Step 3.2

167 23 0
                                    

Selama dua hari aku memikirkan alasan yang tepat untuk berbicara kepada Coach Evan mengenai acara yang akan berlangsung besok dan pada akhirnya, aku pun menyerah dan memutuskan untuk mengatakan yang sesungguhnya. Mengenal sifat Coach Evan, aku tau ia akan menganggapku tidak professional karena tidak mengutamakan latihan yang cukup penting ini dan malah memilih untuk pergi ke acara itu tapi, aku sudah siap menerima segala kritikan darinya.

"Okay, kita lanjut besok ya" ucap Coach Evan, mengakhiri latihan pada hari itu.

Aku menarik napas panjang dan mengumpulkan keberanianku untuk berbicara kepada Coach Evan.

"Umm Coach-"

"-Coach Evan, ada yang ingin saya bicarakan" Reynold memotong ucapanku dan memanggil Coach Evan terlebih dahulu.

"Ada apa?" tanya Coach Evan sambil memasukkan handphone dan buku catatan kecil ke dalam tas berwarna abu-abu polos miliknya.

"Sepertinya saya ga bisa ikut latihan besok, ada urusan penting" kebetulan yang datang tepat pada waktunya!

Coach Evan menatapnya untuk beberapa saat tanpa memberikan tanggapan apapun.

"Melebihi pentingnya latihan ini?" tanya Coach Evan sambil menaikkan sebelah alisnya.

"Umm bukannya begitu tapi-"

"-Just kidding. Ga masalah, kita bisa ambil satu hari untuk istirahat" Coach Evan menepuk bahu Reynold sebelum keluar dari ruang latihan.

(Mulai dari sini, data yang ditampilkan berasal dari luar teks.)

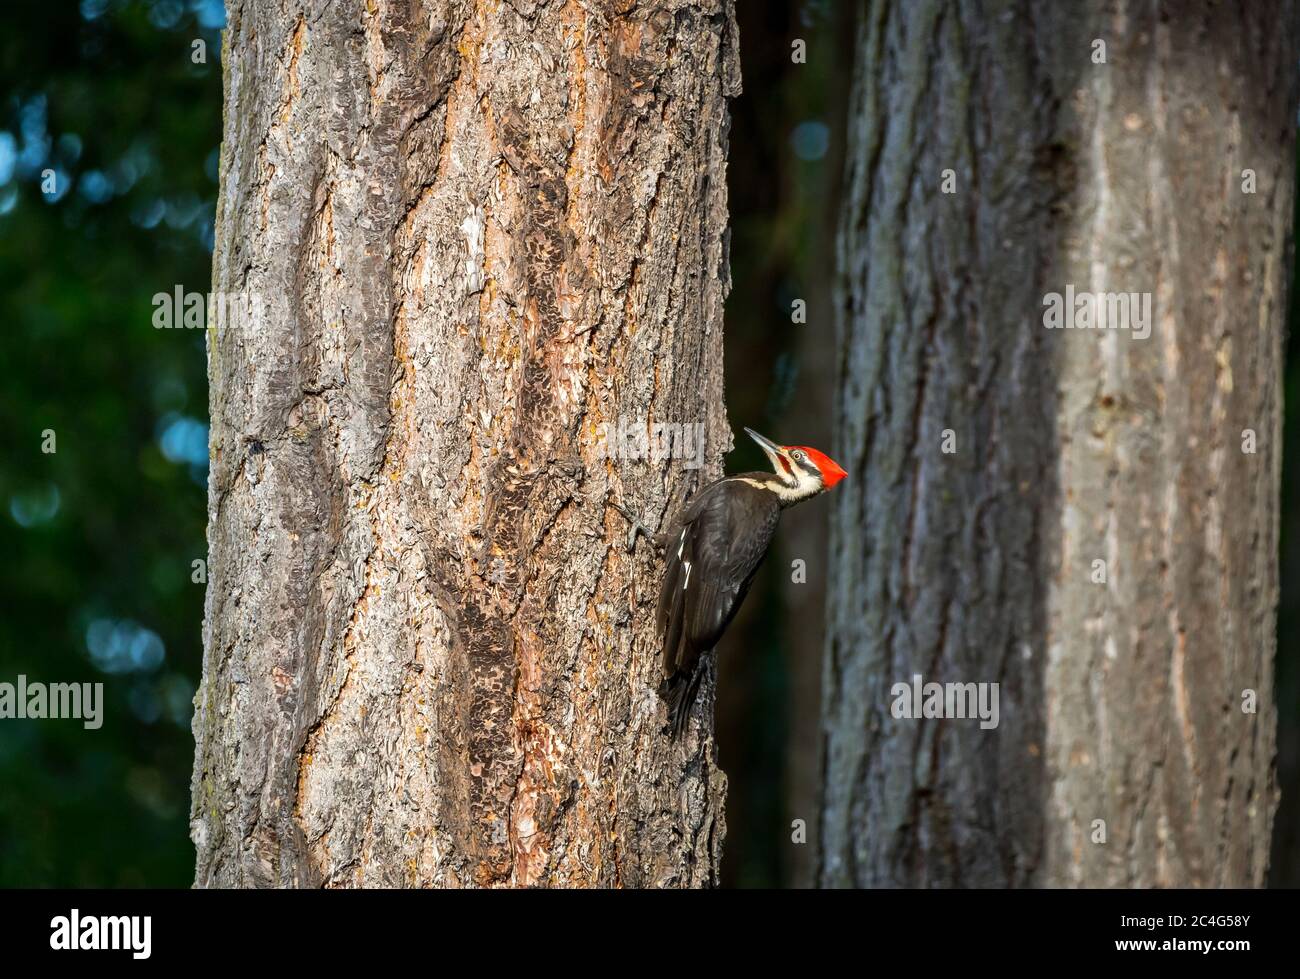 Picchio di legno Pileated ( Hylatomus pileatus ) alla ricerca di cibo sull'isola di Vancouver, Canada. Foto Stock

Aku pun berlari menghampiri Reynold dan menepuk lengannya pelan.

"You saved my life!" ucapku sebelum kembali berlari menuju pintu keluar.

***

"Lo di mana? Gue udah di parkiran" ucap Reynold sambil bersandar pada sebuah mobil.

"Oke, gue ke sana sekarang"

Setelah menutup panggilan teleponnya, Reynold pun berjalan ke arah gerbang kedatangan dan menunggu sosok yang akan ia jumpai sebentar lagi.

"Martin!" panggil Reynold sambil melambaikan tangannya.

"Hey! Sejak kapan lo jadi lebih tinggi dari gue" pria dengan tinggi yang hampir sama dengan Reynold itu menghampirinya dan memeluknya.

"Kok lo sendirian?" tanya Reynold.

"Sebentar lagi juga mereka keluar" balas Martin sambil menunjuk kedua orang yang berjalan di belakangnya.

"Reynold!" teriak seorang wanita sambil berjalan ke arah Reynold dan memeluknya dengan erat.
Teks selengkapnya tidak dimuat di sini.